HER2 represents the prototypic Class I OA and is found to be overexpressed in a variety of human cancers [5]. HER2 amplification or overexpression is found in 15–20% of all new breast cancer cases and is a prognostic marker of poor outcome [6]. Currently, the identification of HER2 positivity in tumor tissue specimens allows for patient stratification and a more reasonable therapeutic strategy. Indeed, a number of tyrosine kinase inhibitors or monoclonal antibodies (mAbs) that are directed against HER2 are available, while others are currently under investigation in several phase I to III clinical trials [7]. Humanized mAb Trastuzumab is the standard of care in breast cancer treatment in both preoperatory and metastatic settings, whether it is used as a single agent or in association with chemotherapy. Despite initial responsiveness, the majority of patients that suffer from either primary or metastatic breast cancer develop drug resistance within one year, rendering Trastuzumab completely ineffective [8]. Similarly, prolonged exposition to anti-HER2 tyrosine kinase inhibitors often results in the development of HER-2-negative tumor variants [9]. The mechanisms that underlie primary and acquired resistance to HER2-targeted therapies are still under investigation. However, both CSCs and TME seem to play a crucial role in these phenomena [10]. This fact emphasizes the need to consider cancer cells and their TME as a whole when designing effective anticancer therapies and tells us that targeting a single OA is not sufficient to freeze tumor progression, a possibility that can only be explored thanks to the availability of appropriate in vivo cancer models.

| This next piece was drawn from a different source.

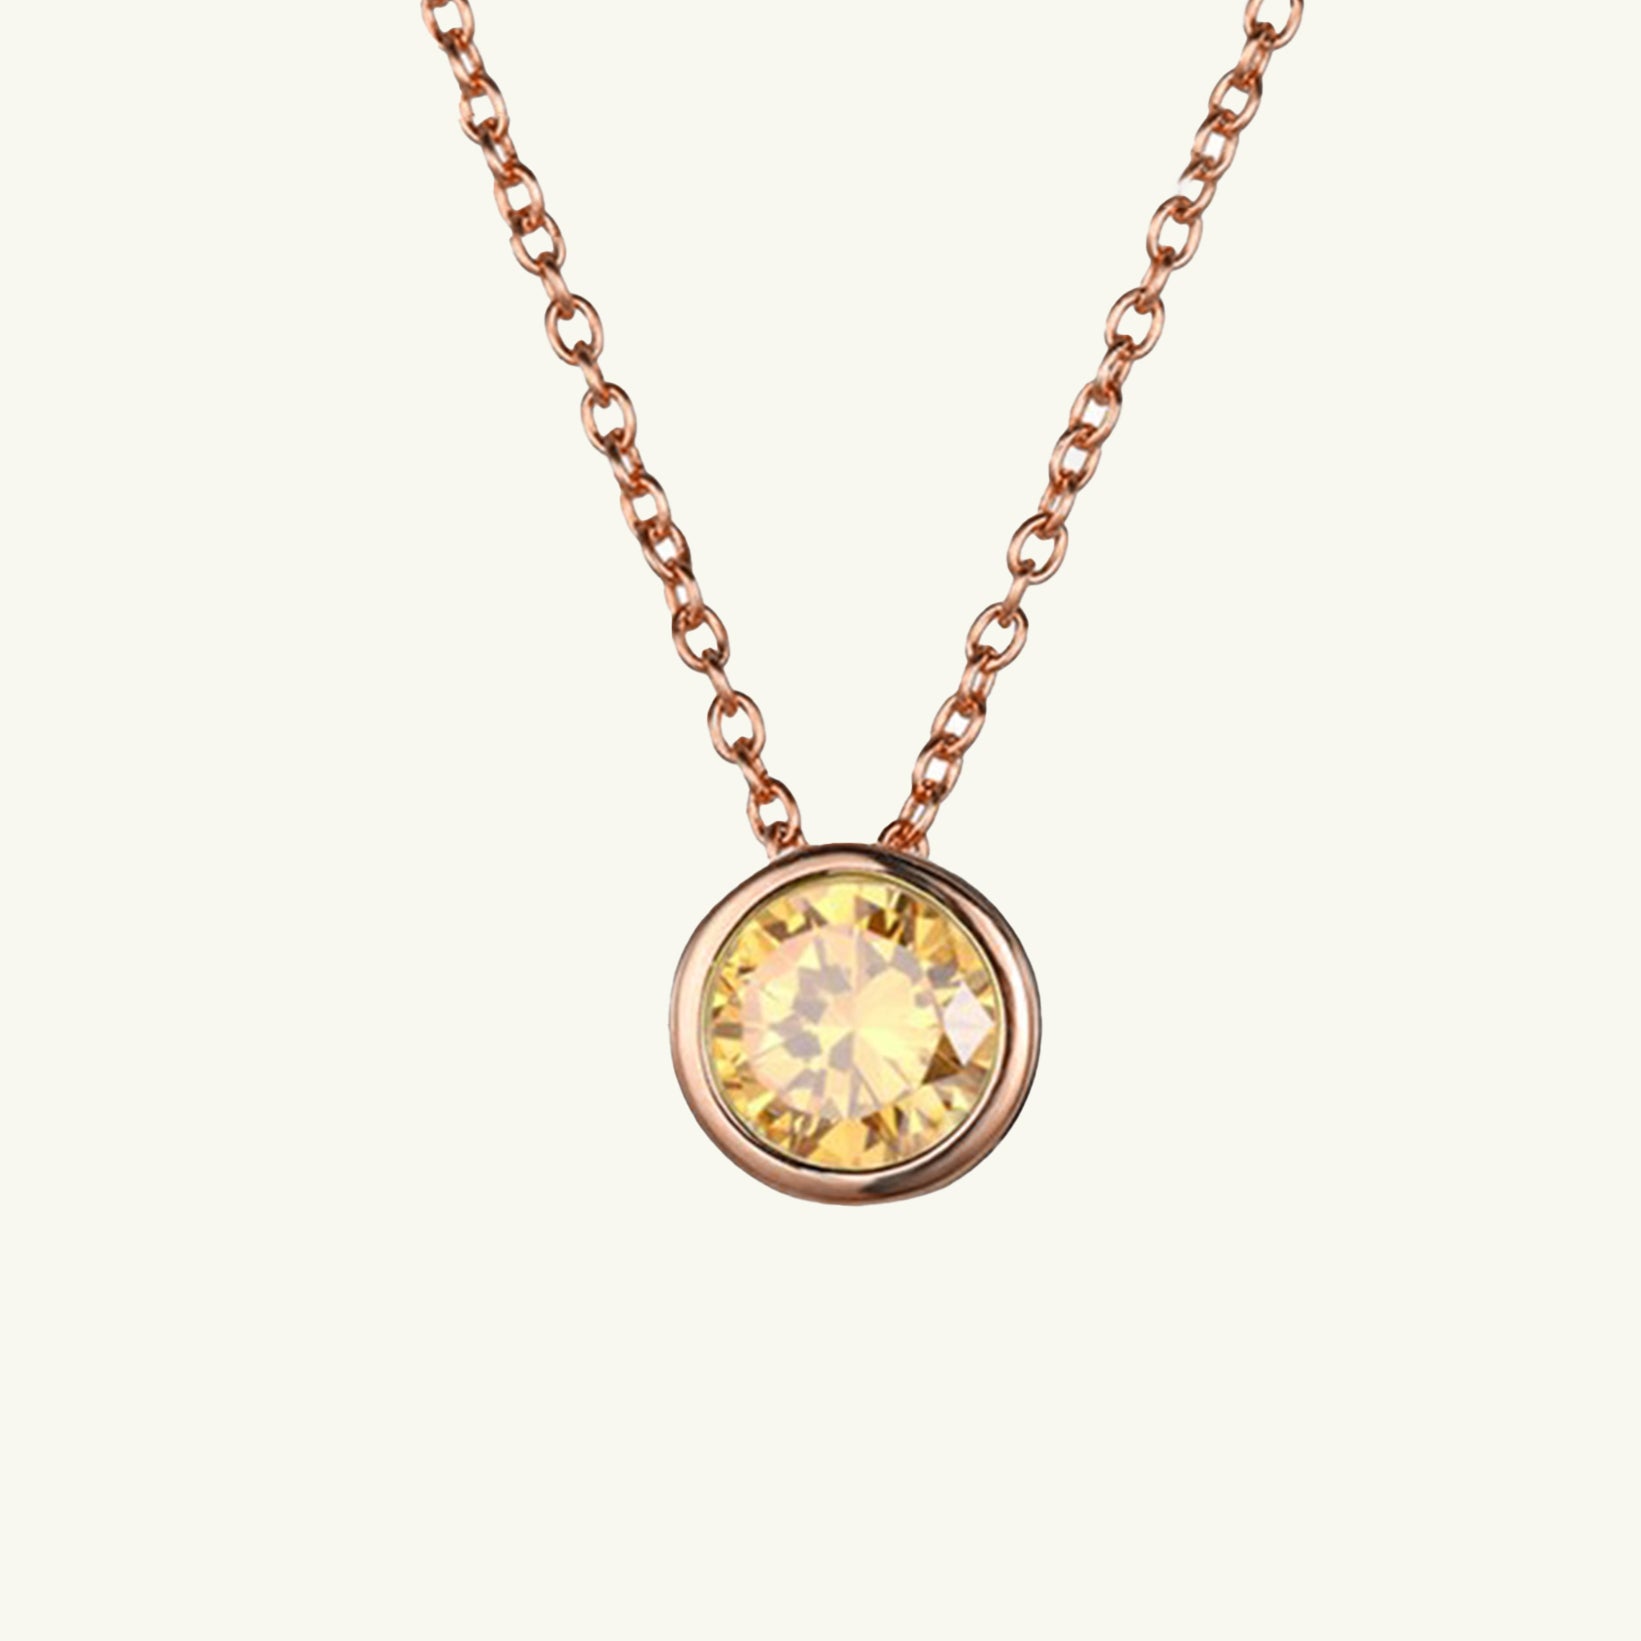 Birthstone Charm Necklace - Wrenlee

The identification of appropriate murine models that are able to mimic most of the features of a human cancer offers considerable potential to give advantages in the race towards the clinic. In particular, the availability of tumor-transplantable models and genetically engineered mammary cancer-prone mice has allowed laboratories to decipher the most important mechanisms involved in mammary tumor development and progression, thus permitting current therapies to be refined. A great deal of data has been obtained by our group from transgenic mice, called BALB-neuT, that overexpress the rat HER2 (neu) oncogene under the mouse mammary tumor virus (MMTV) promoter [11], with this very fact in mind. These mice spontaneously develop mammary carcinomas with 100% penetrance [12] and display a histopathologically [13] and transcriptionally [14] well characterized course that closely recapitulates many features of human breast carcinogenesis. In virtue of the high homology of BALB-neuT tumors to human HER2 positive breast cancer, this is an ideal model to use when setting up new anticancer therapies. Actually, BALB-neuT mice and the cell line derived from a BALB-neuT adenocarcinoma (TUBO cells) have provided us with a fascinating tool and one that is used in many laboratories worldwide to deepen current knowledge of the pathogenic mechanisms that promote HER2 positive tumor growth and consequently elaborate more efficacious antitumor strategies. We herein discuss the lessons learned about TME, HER2, and other OAs from BALB-neuT mice and how this knowledge can help develop a winning strategy against cancer.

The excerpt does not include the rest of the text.